Deepali Pal et al. Cell Rep Med. .

Abstract

Leukemia cells re-program their microenvironment to augment blast proliferation and enhance treatment resistance. Means of clinically targeting such niche-driven treatment resistance remain ambiguous. We develop human induced pluripotent stem cell (hiPSC)-engineered niches to reveal druggable cancer-niche dependencies. We reveal that mesenchymal (iMSC) and vascular niche-like (iANG) hiPSC-derived cells support ex vivo proliferation of patient-derived leukemia cells, affect dormancy, and mediate treatment resistance. iMSCs protect dormant and cycling blasts against dexamethasone, while iANGs protect only dormant blasts. Leukemia proliferation and protection from dexamethasone-induced apoptosis is dependent on cancer-niche interactions mediated by CDH2. Consequently, we test CDH2 antagonist ADH-1 (previously in Phase I/II trials for solid tumors) in a very aggressive patient-derived xenograft leukemia mouse model.
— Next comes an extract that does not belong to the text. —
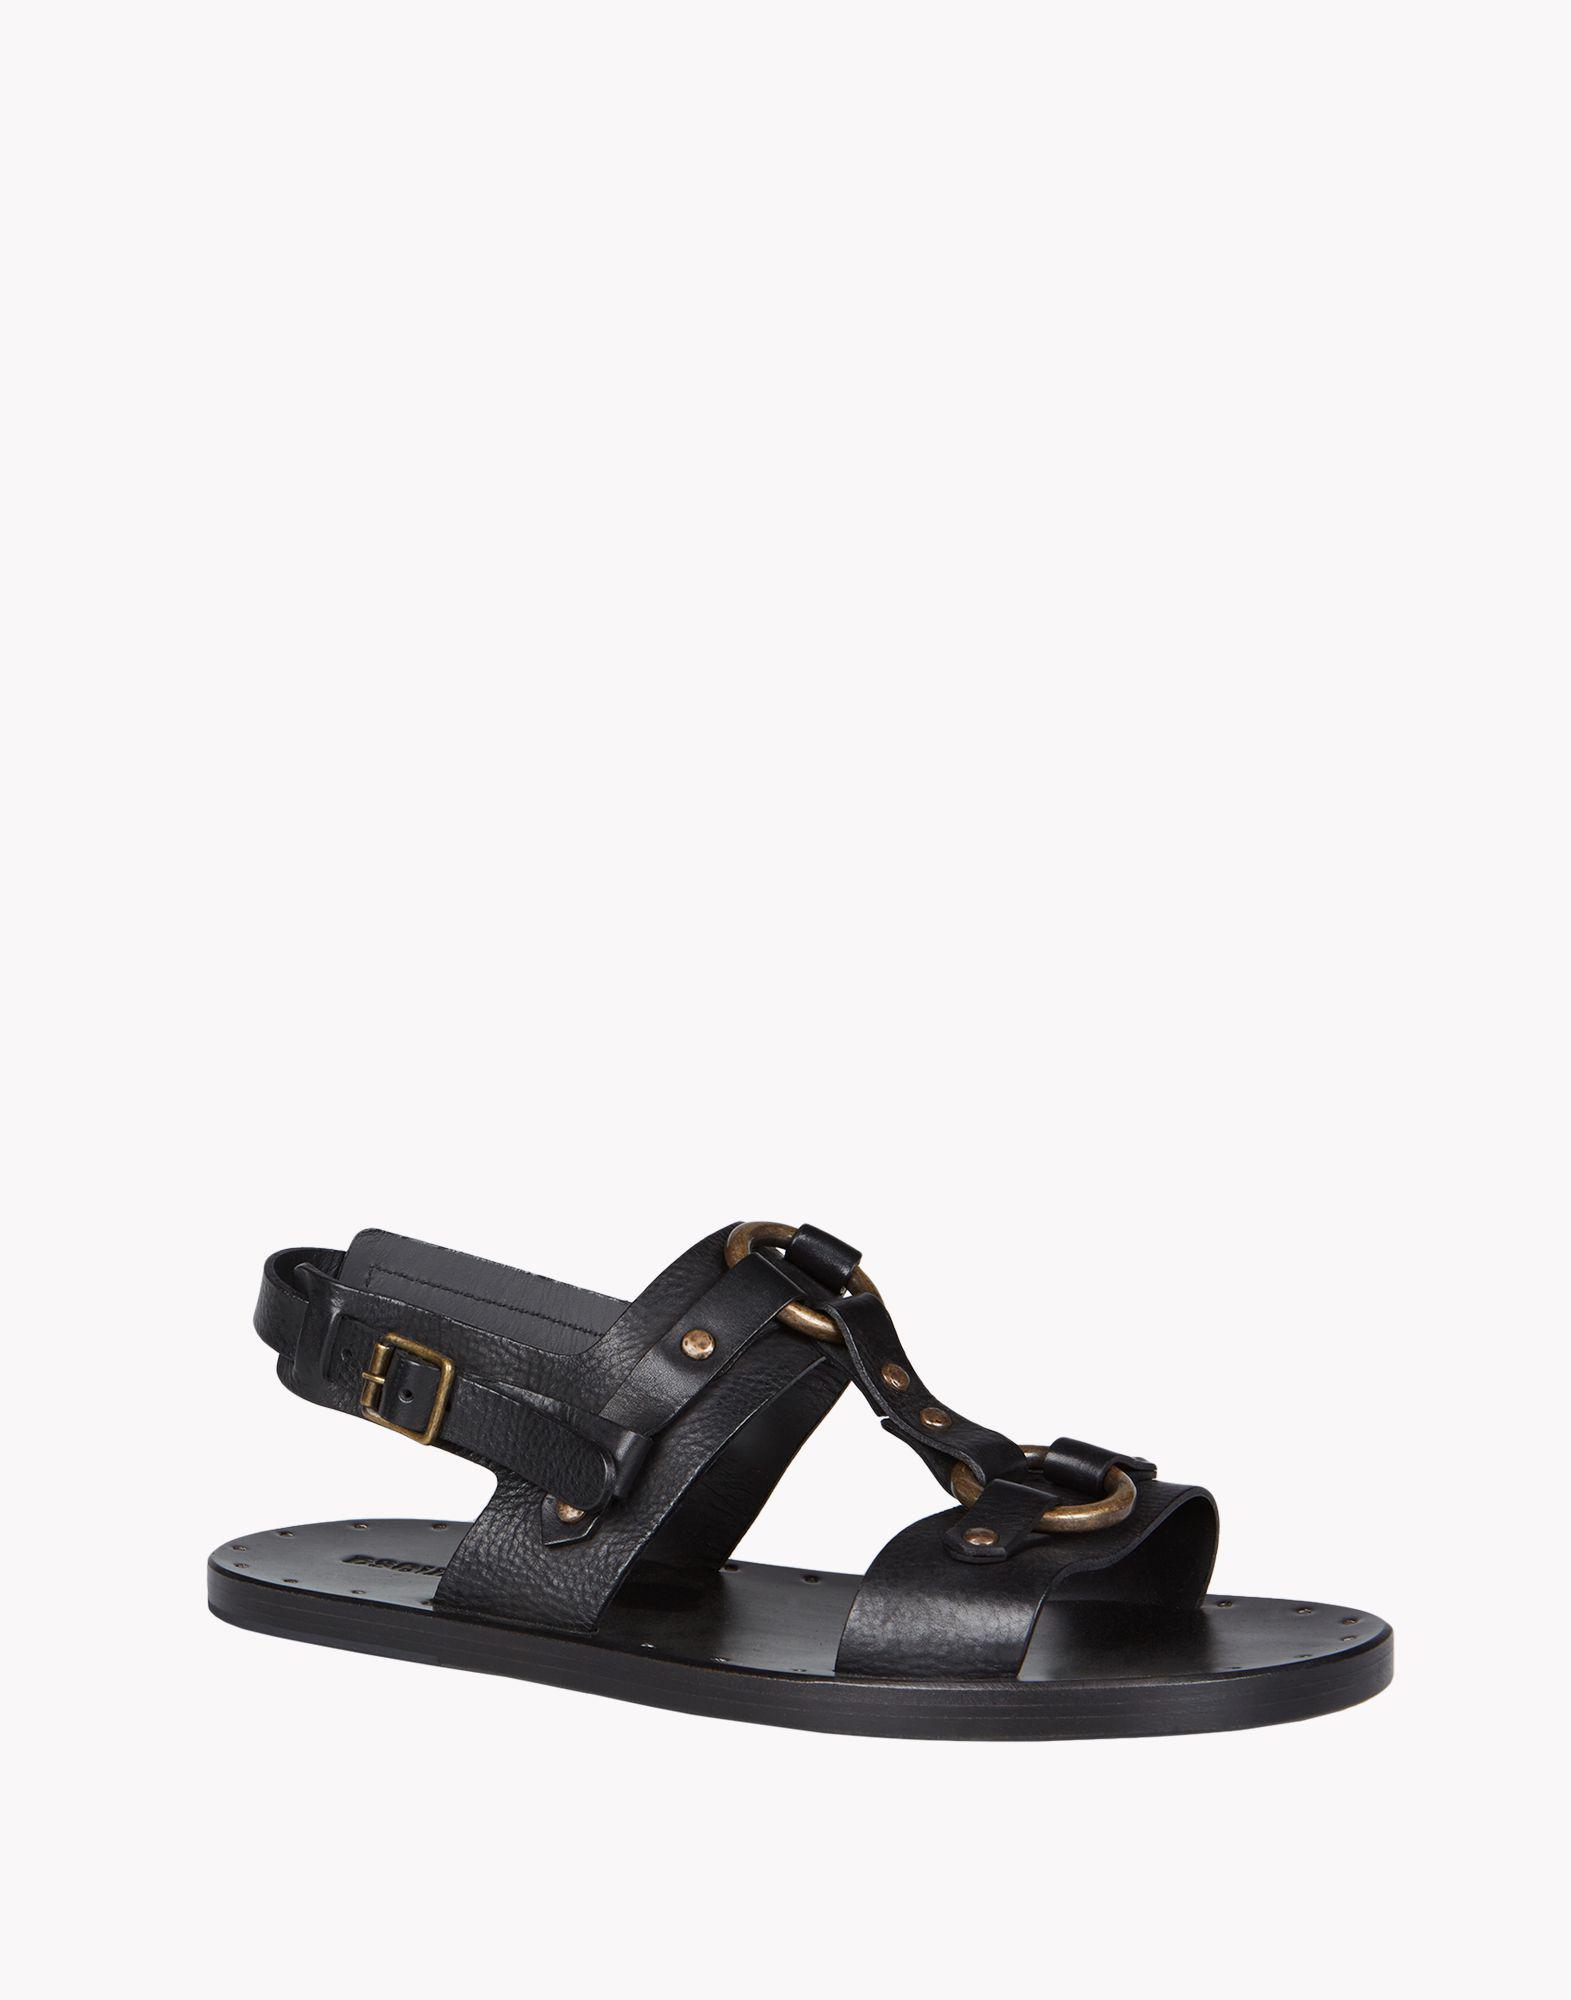 Lyst - DSquared² Moses Sandals in Black for Men

ADH-1 shows high in vivo efficacy; ADH-1/dexamethasone combination is superior to dexamethasone alone, with no ADH-1-conferred additional toxicity. These findings provide a proof-of-concept starting point to develop improved, potentially safer therapeutics targeting niche-mediated cancer dependencies in blood cancers.

Keywords: cancer microenvironment; dormancy; drugging cancer niche; iPSC-niche; treatment resistance.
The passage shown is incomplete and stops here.